Ylva Söderfeldt. From Pathology to Public Sphere: The German Deaf Movement 1848–1914. Disability Studies: Body-Power-Difference Series. Bielefeld: Transcript - Verlag für Kommunikation, Kultur und soziale Praxis, 2013. 315 pp. $50.00 (paper), ISBN 978-3-8376-2119-8.
Reviewed by Rebecca P. Scales (Rochester Institute of Technology)
Published on H-Disability (July, 2014)
Commissioned by Iain C. Hutchison (University of Glasgow)
Yvla Söderfeldt’s From Pathology to Public Sphere: The German Deaf Movement, 1848-1914 examines the “emergence and expression of [a] new way of being deaf” in Germany between the Revolution of 1848 and the outbreak of the First World War (p. 13).
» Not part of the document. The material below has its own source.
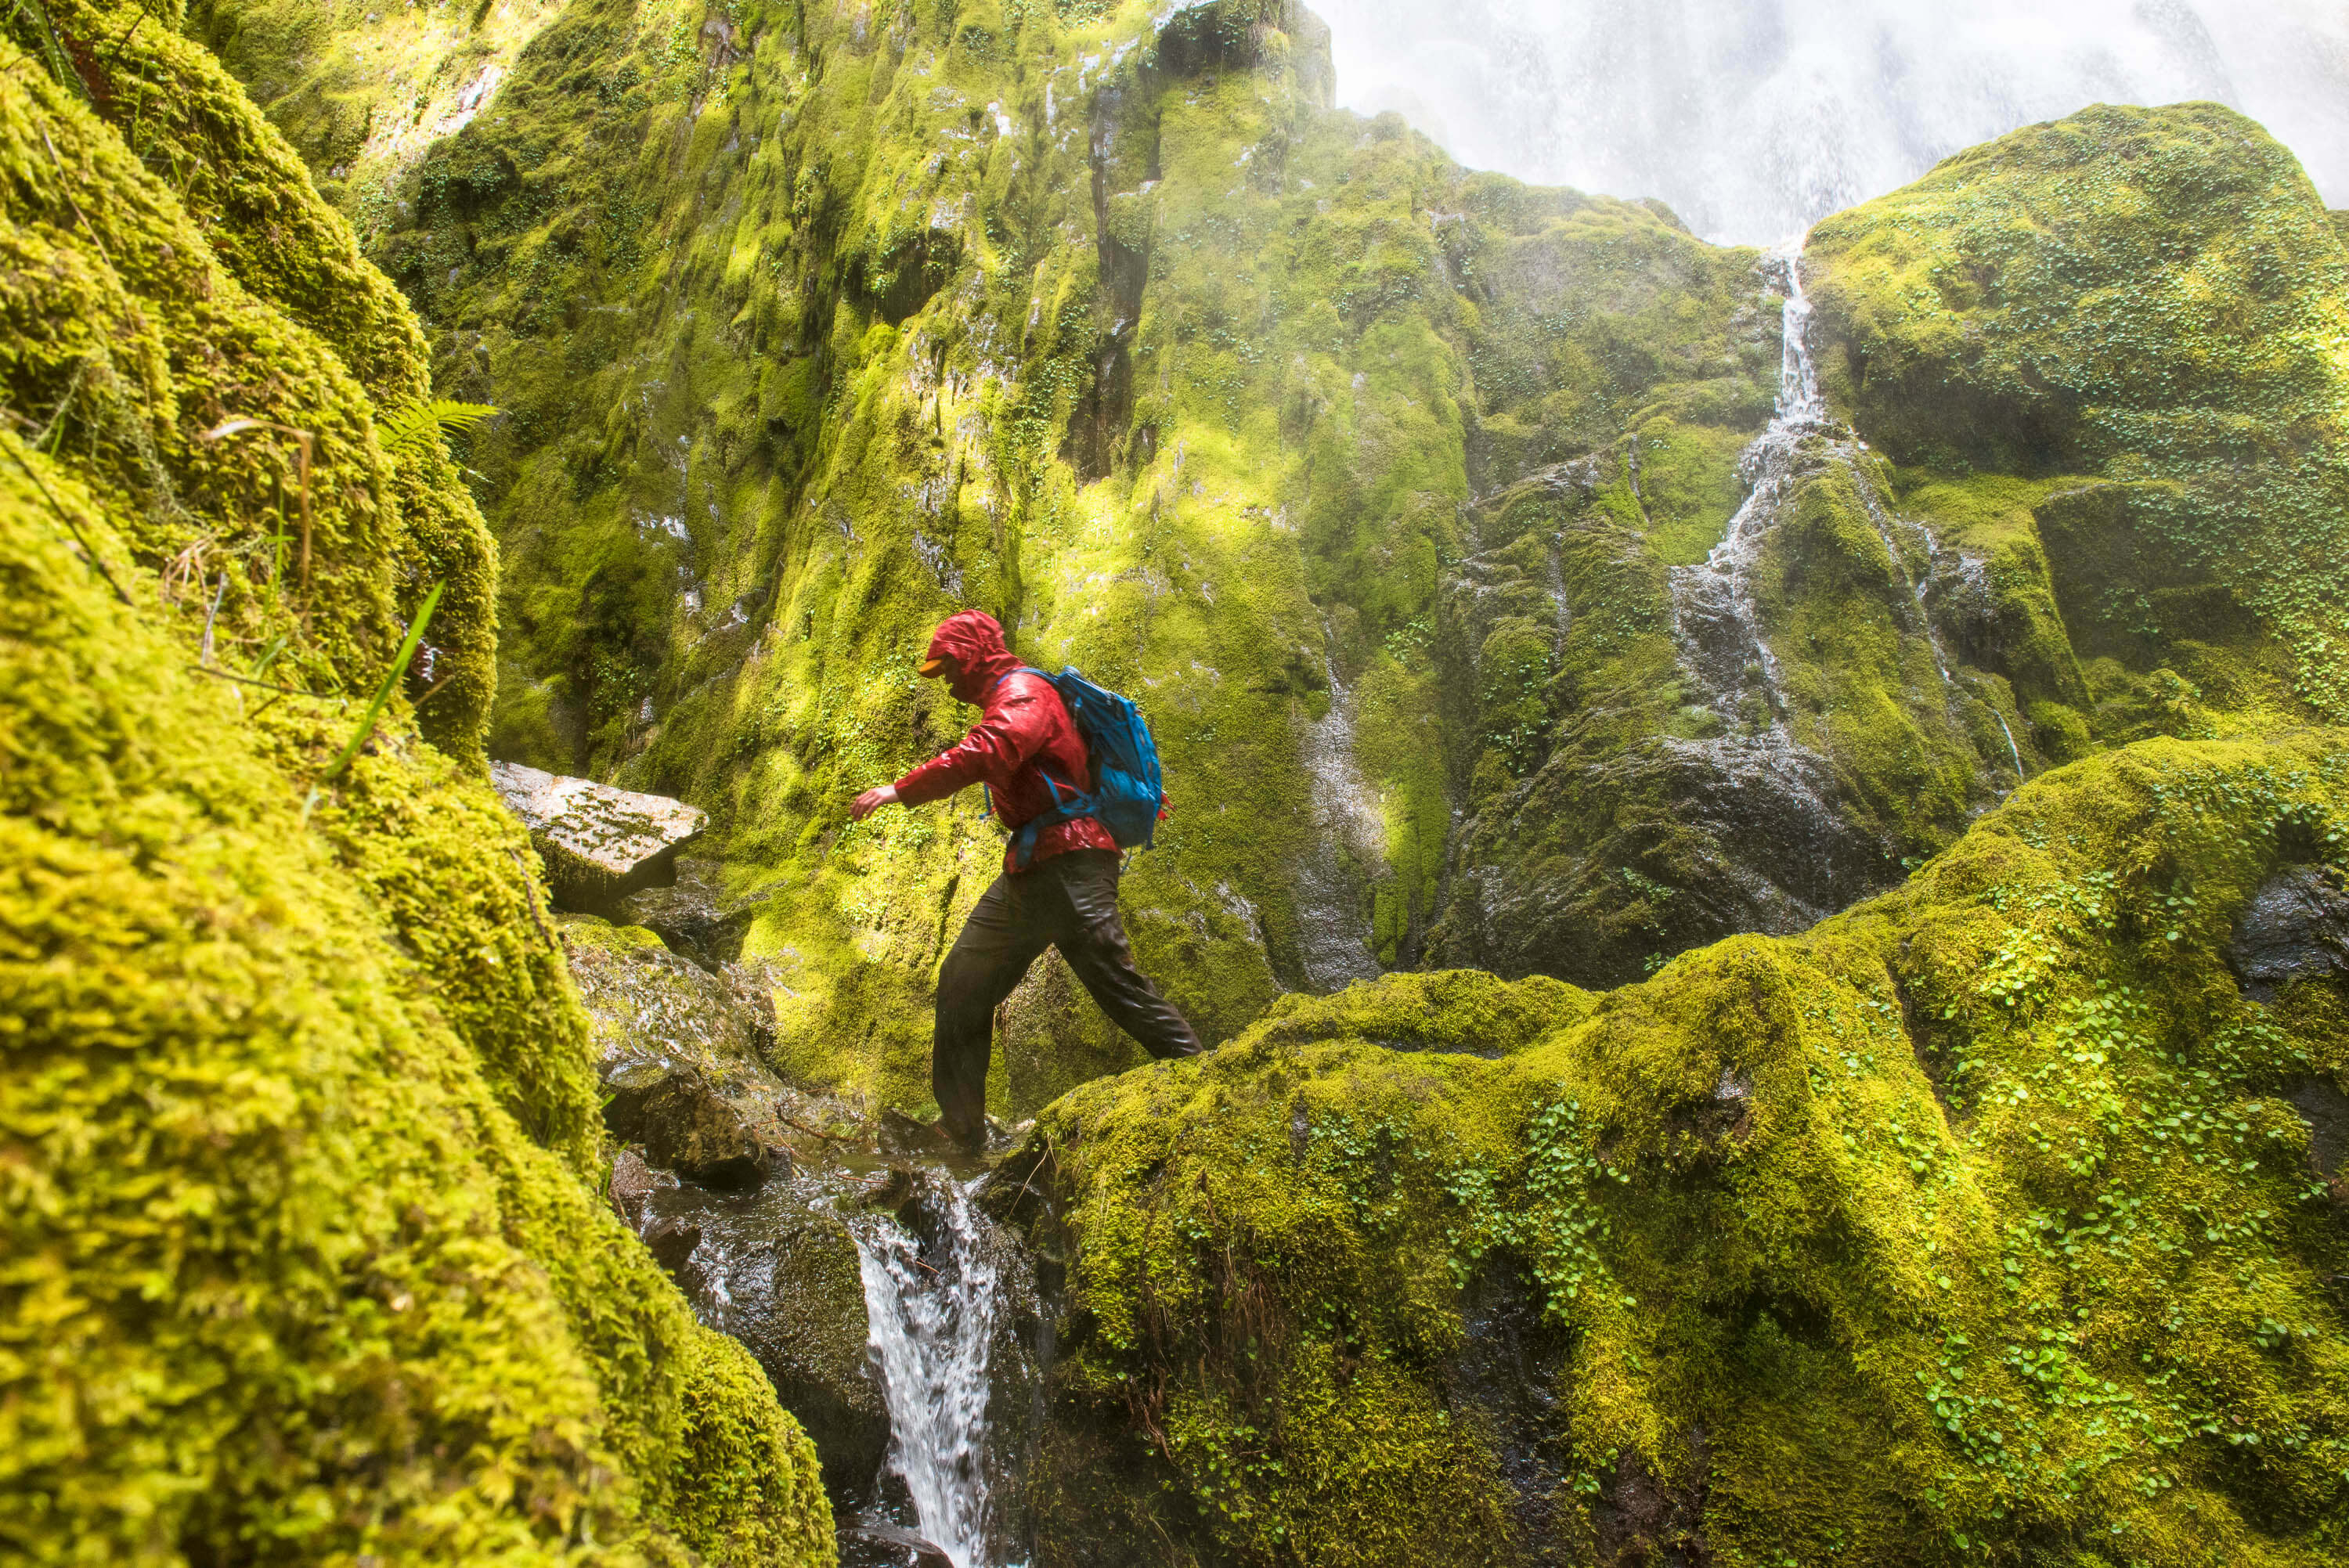 Waterfall spray, moss covered rocks and Lief on a micro adventure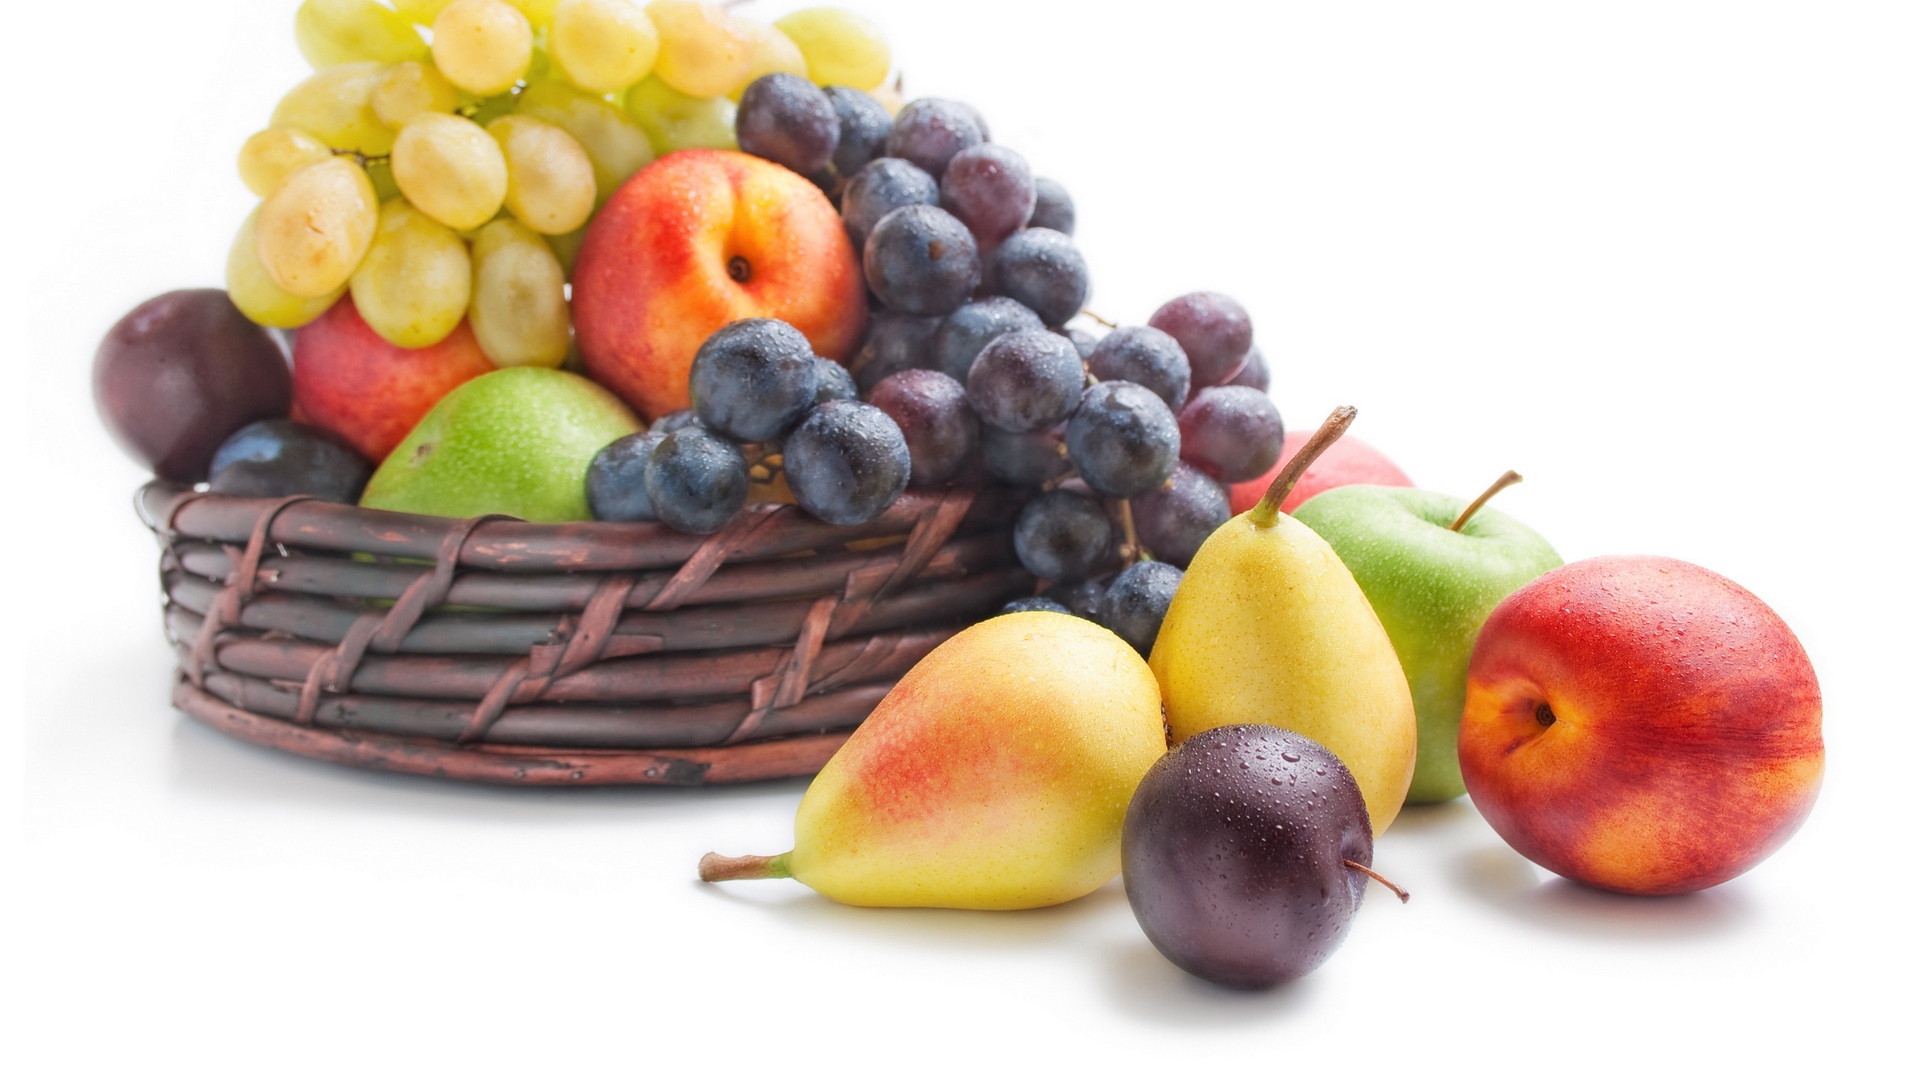 Apples Pears Nectarines Grapes Plums Berries Fruits With White

During this period, deaf people began to appear less as objects of pity or pathological illness, Söderfeldt argues, and “more as sociable peer groups, as lobbyists, organizers, writers, and thinkers,” in turn displaying a “new way of being deaf” that was visible in deaf clubs, deaf newspapers, and public events organized by deaf people (p. 13). The study focuses on people known in the nineteenth century as Taubstummen (“deaf-mutes”): individuals with congenital or early hearing loss. According to Söderfeldt, little is known about nineteenth-century German sign language (Gebärdensprache, “gesture language,” or Zeichensprache, “sign language”), including whether there were multiple regional sign languages or a single German Sign Language. She consequently refrains from capitalizing “Deaf,” an ahistorical gesture she believes would impose a unified self-image and cultural identity on a diverse deaf population that included both signers and nonsigners.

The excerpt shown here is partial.